After enjoying our lunch on the ridge, the three of us decided to head back down, and maybe catch Adel bringing his next shipment of rocks back to the Qadisha valley. To our surprise, ¾ of the way down we spotted Adel, urgently scrambling toward us, huffing and puffing due to his tobacco filled lungs, and gesturing frantically. When he reached us, he began spilling Arabic, of which I caught the words “mountain” (jebel), “Hezbollah,” and “machine gun” (rashash). He then bent down and picked up AK-47 bullet shells that we hadn’t noticed down at our feet. It was made clear that he thought we were lucky to be unharmed. After he had calmed down, we more slowly went through his story, with Daniel translating the more difficult parts for Stephanie and I. Apparently, after Adel had dropped us off at the pass he hadn’t realized our plan to hike the ridge. The same guys who had sold us figs, nuts, and tea also doubled as lookouts for Hezbollah, and Adel wasn’t sure if they had notified Hezbollah of our activities on the ridge. If we had descended down the backside of the ridge towards Bekaa valley, Adel informed us sternly, we might not have been nearly as lucky. Hezbollah’s militia has been known to shoot to kill, take hostages, and “defend” their territory. They've also been known to send out "patrols" along the very ridge we had been hiking.

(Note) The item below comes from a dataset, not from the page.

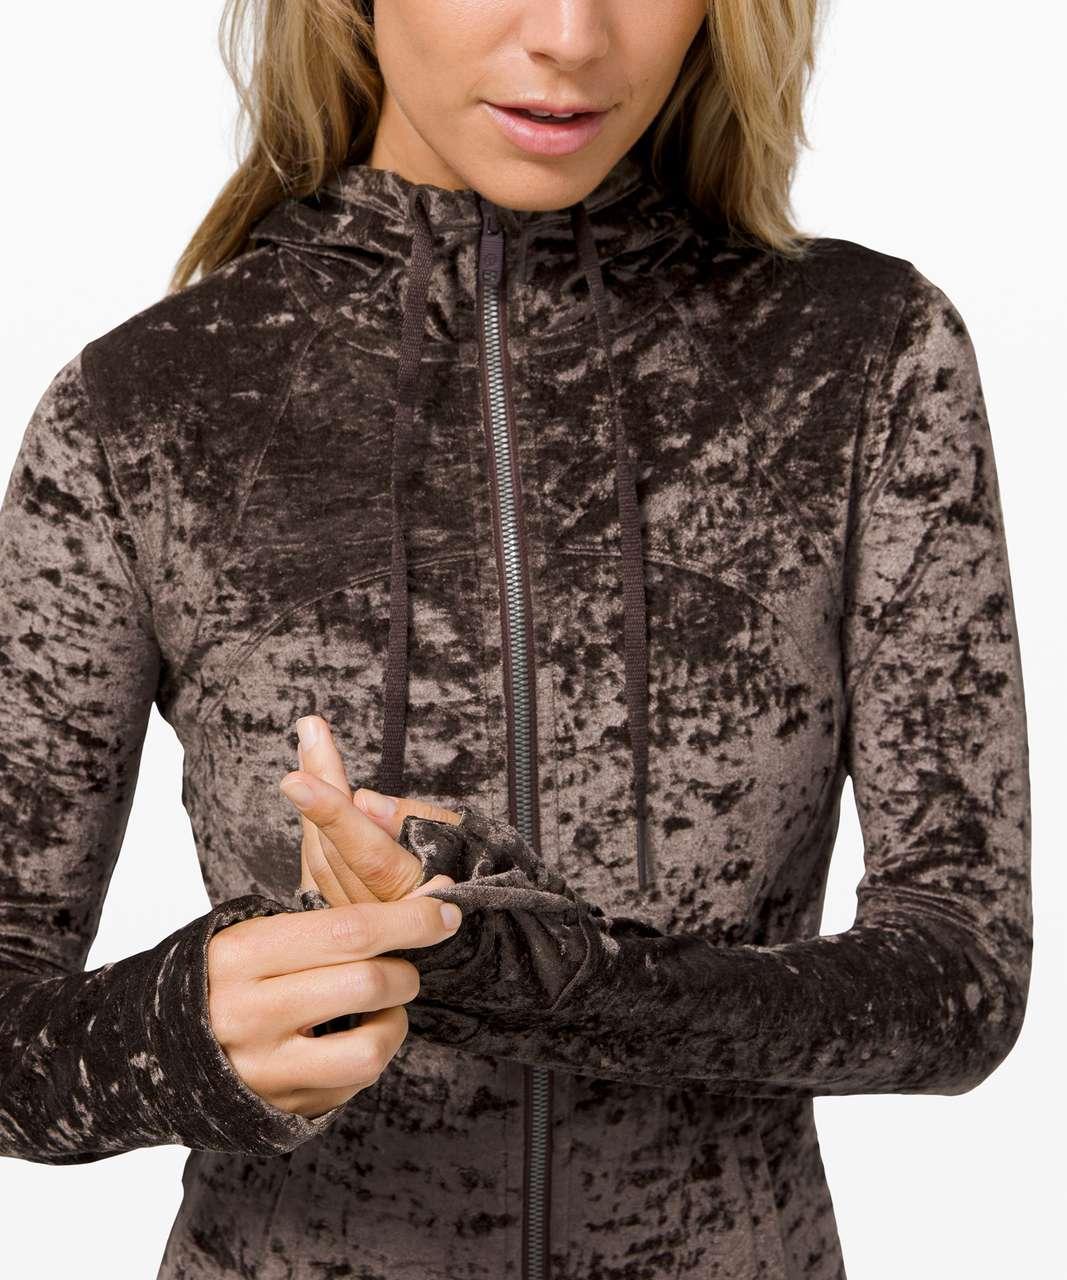 Lululemon Hooded Define Jacket *Crushed Velvet - French Press

A cold chill ran down my spine.
More than anything, realizing my sheer level of helplessness if things had taken a nasty turn, I failed to comprehend the extent of Hezbollah’s violent methodology, radicalism and overall political reach until after passing through the eyes of a very small needle. It was completely humbling, harrowing...and nauseating. The weight of the cold, metallic, bullet shells that Adel placed in my hand proved a point more effectively than any parental concern, State Department warning, or CIEE policies could EVER hope to achieve. It was the cold weight of ideals tempered by the yoke of reality, where sometimes politics not just a game. Sometimes people die because they are perceived to represent certain groups or because public examples are the most effective form of PR. Death here doesn’t have to be justified. This is a country used to the unfairness of war!

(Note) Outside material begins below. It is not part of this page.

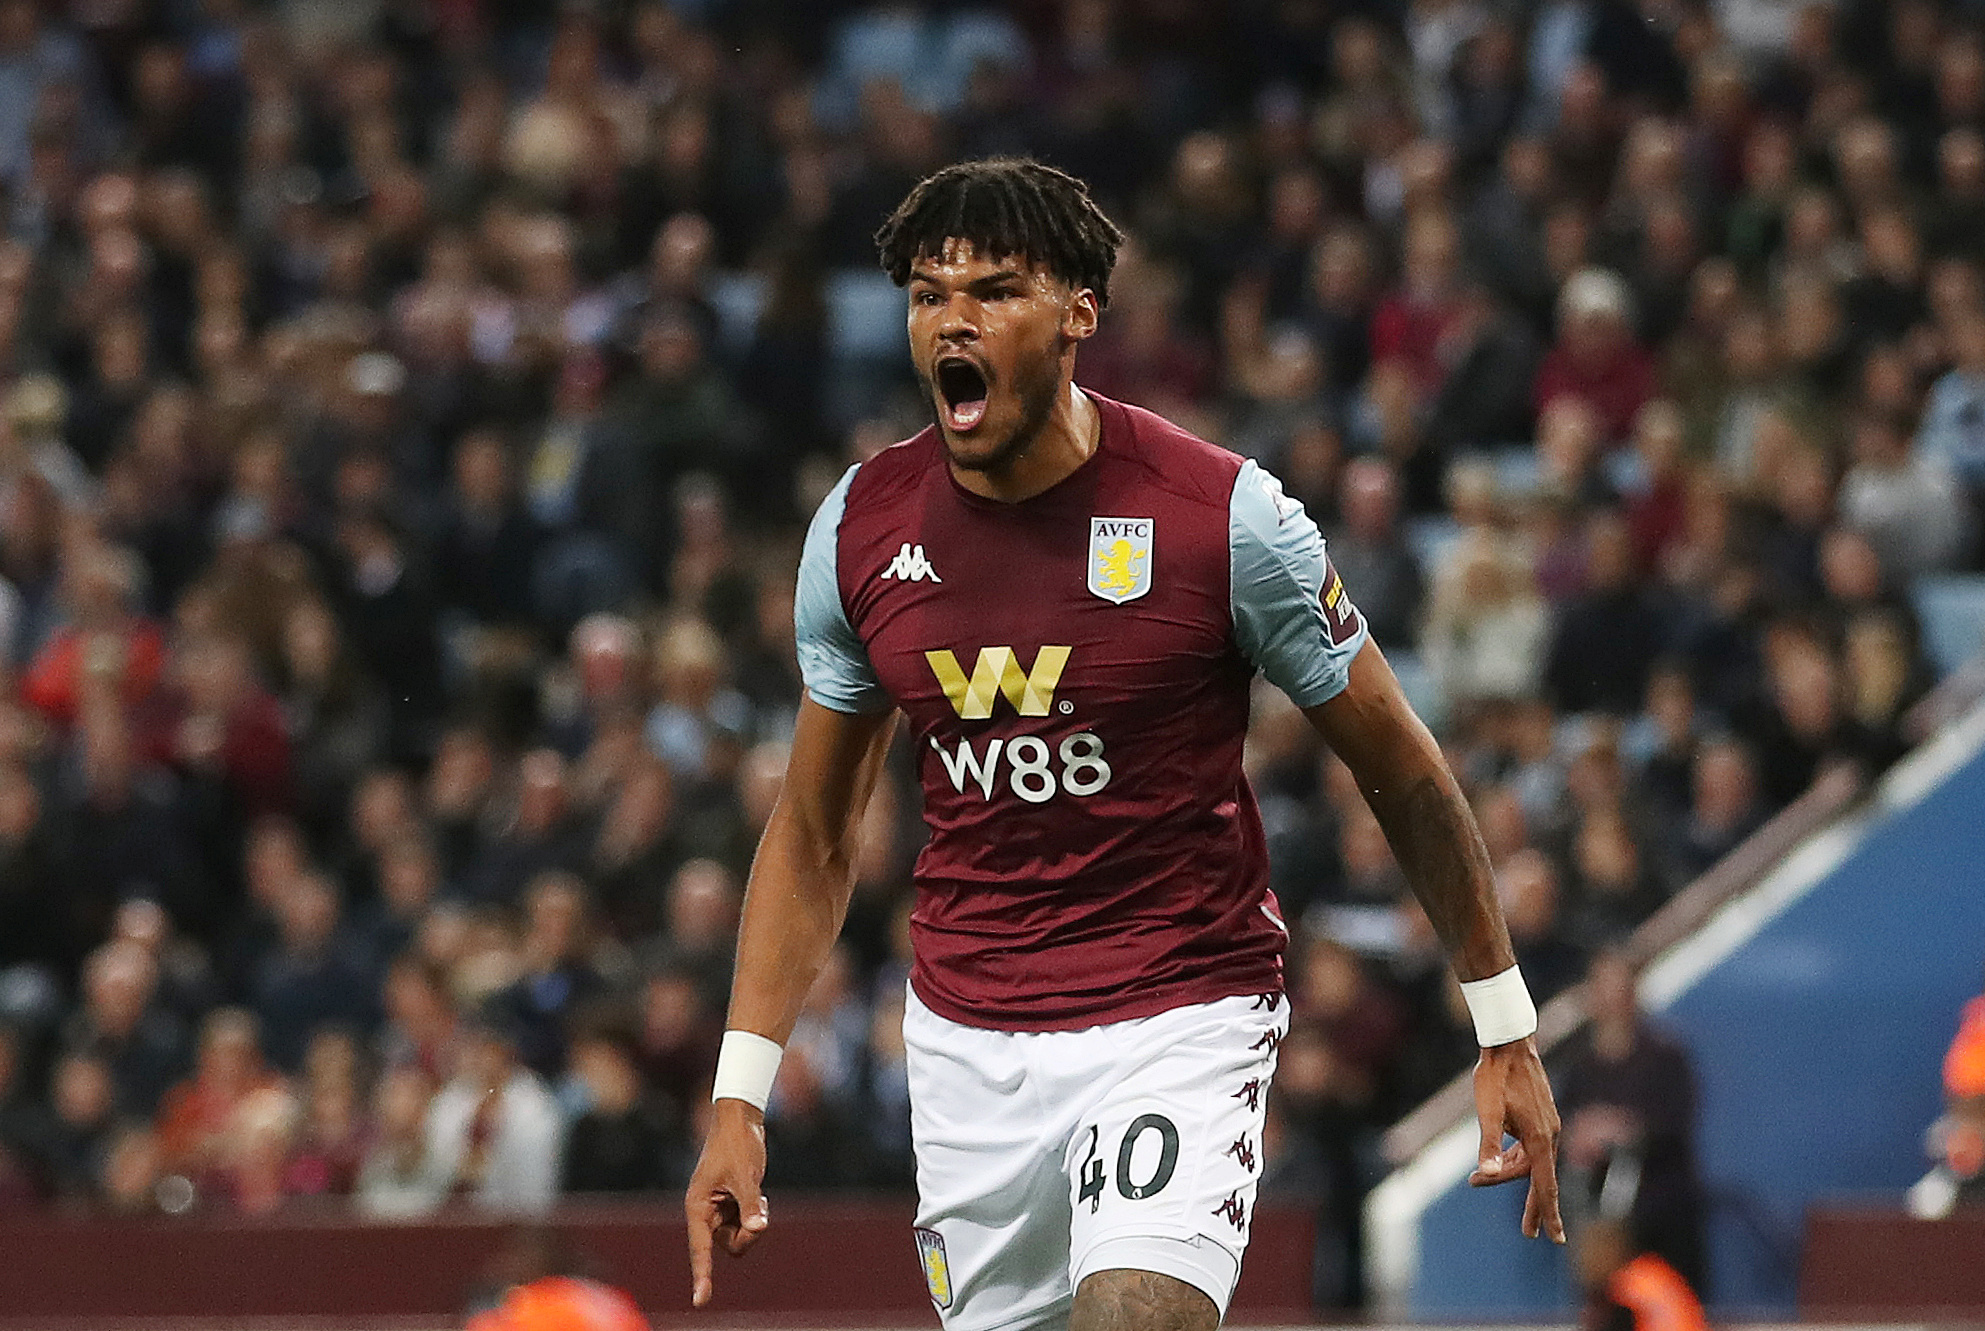 Aston Villa FC Defenders 2019/20: Tyrone Mings

Someday I could not get so lucky and actually be at the mercy of a party who isn't interested in negotiation. What a moment of realization that was! No longer room for romanticism, of somehow talking my way cleverly out of bondage in a language of which I barely know the basic structure. When it comes down to it, despite all that I had researched and the precautions I had taken before venturing out that day, nothing would have adequately prepared me for the worst-case scenario. I was shaken to the core. I couldn’t stop thinking about the possible alternative endings our story could have had.

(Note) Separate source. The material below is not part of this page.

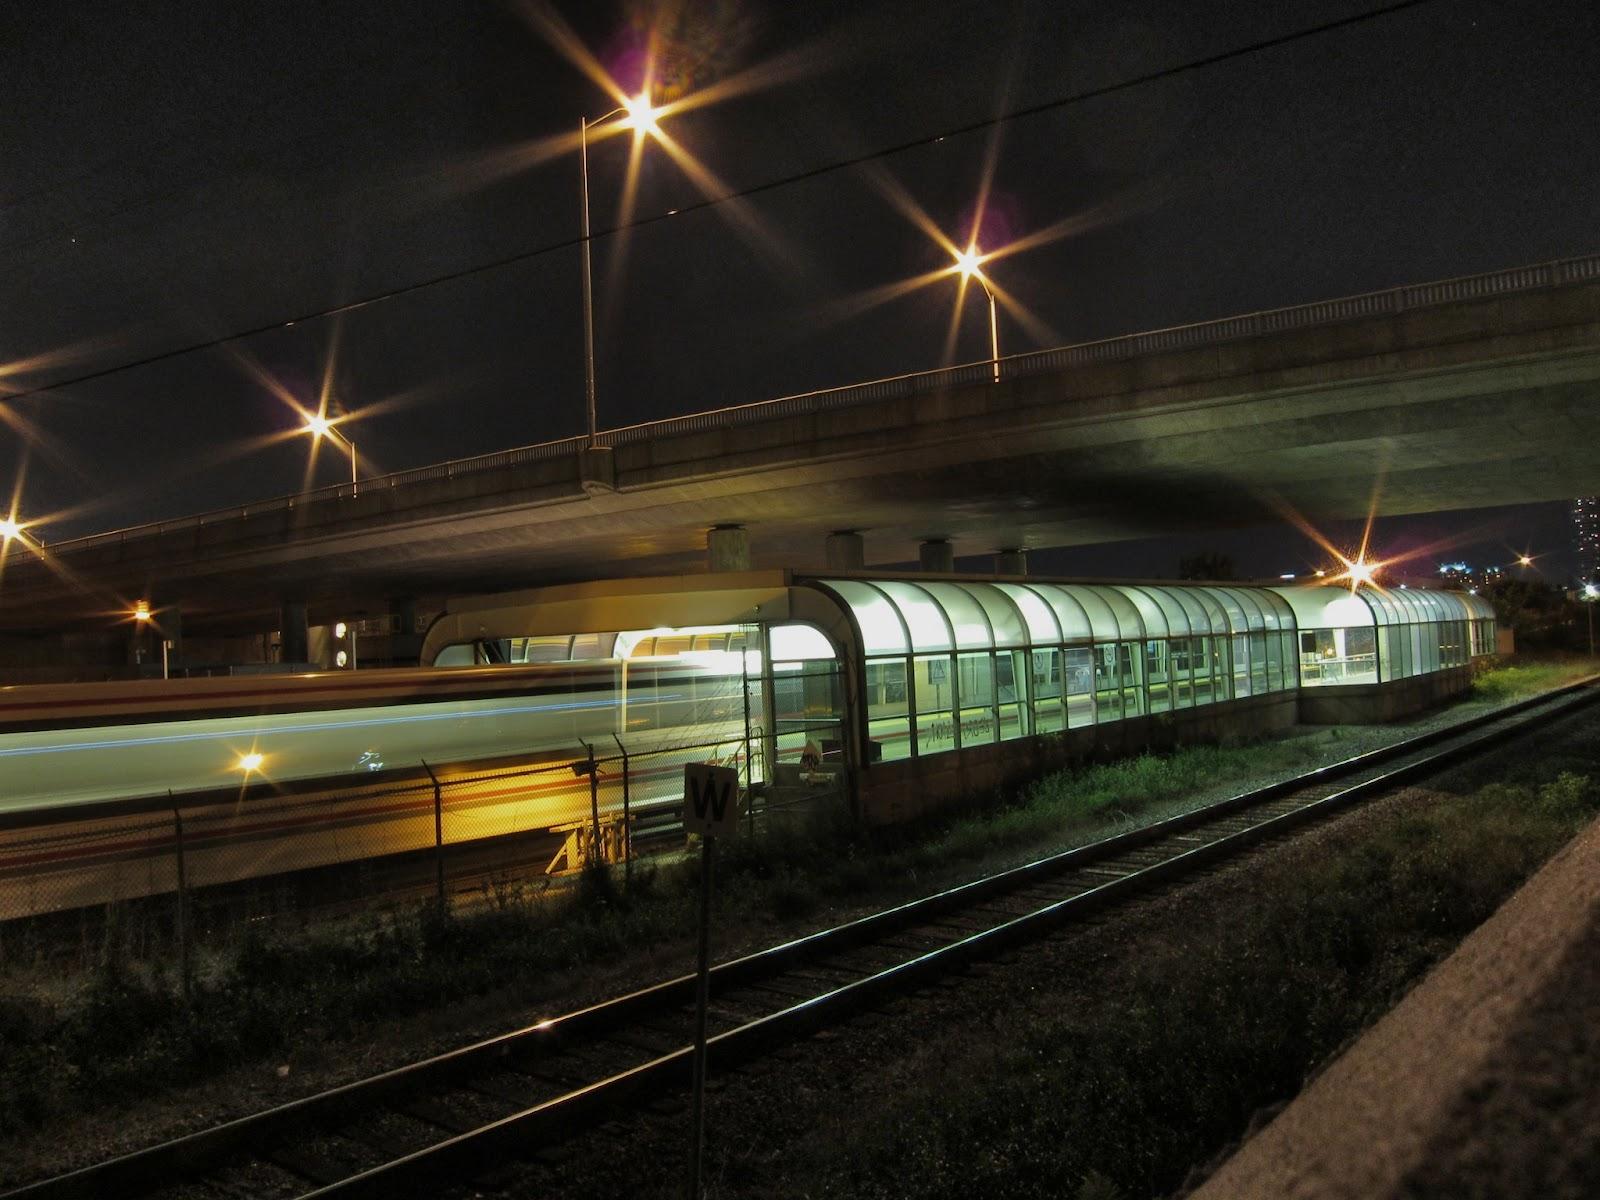 Ellesmere station exterior night view

To put it lightly, I at a very large slice of humble pie.
Adel bustled us back into the cab of his huge truck, and adeptly lightened the mood by taking us to lunch at one of the little cafes at the base of the mountain. There we feasted on olives, lebnah, cucumbers, and khobz. While Stephanie and I sipped on some beer, the guys went for some hardcore Arak, and soon we all couldn't resist laughing along with Adel's cheerful good-natured humor. Then in typical Lebanese hospitality, he brought us back to his home to meet his pretty wife, and two little boys. We ended up spending the whole afternoon there, lounging, talking, smoking hookah, drinking tea, wrestling with the boys, exchanging life stories...all in Arabic I might add. So, while the depth of conversation was limited, the family's warmth couldn't be doubted. And for that I was grateful.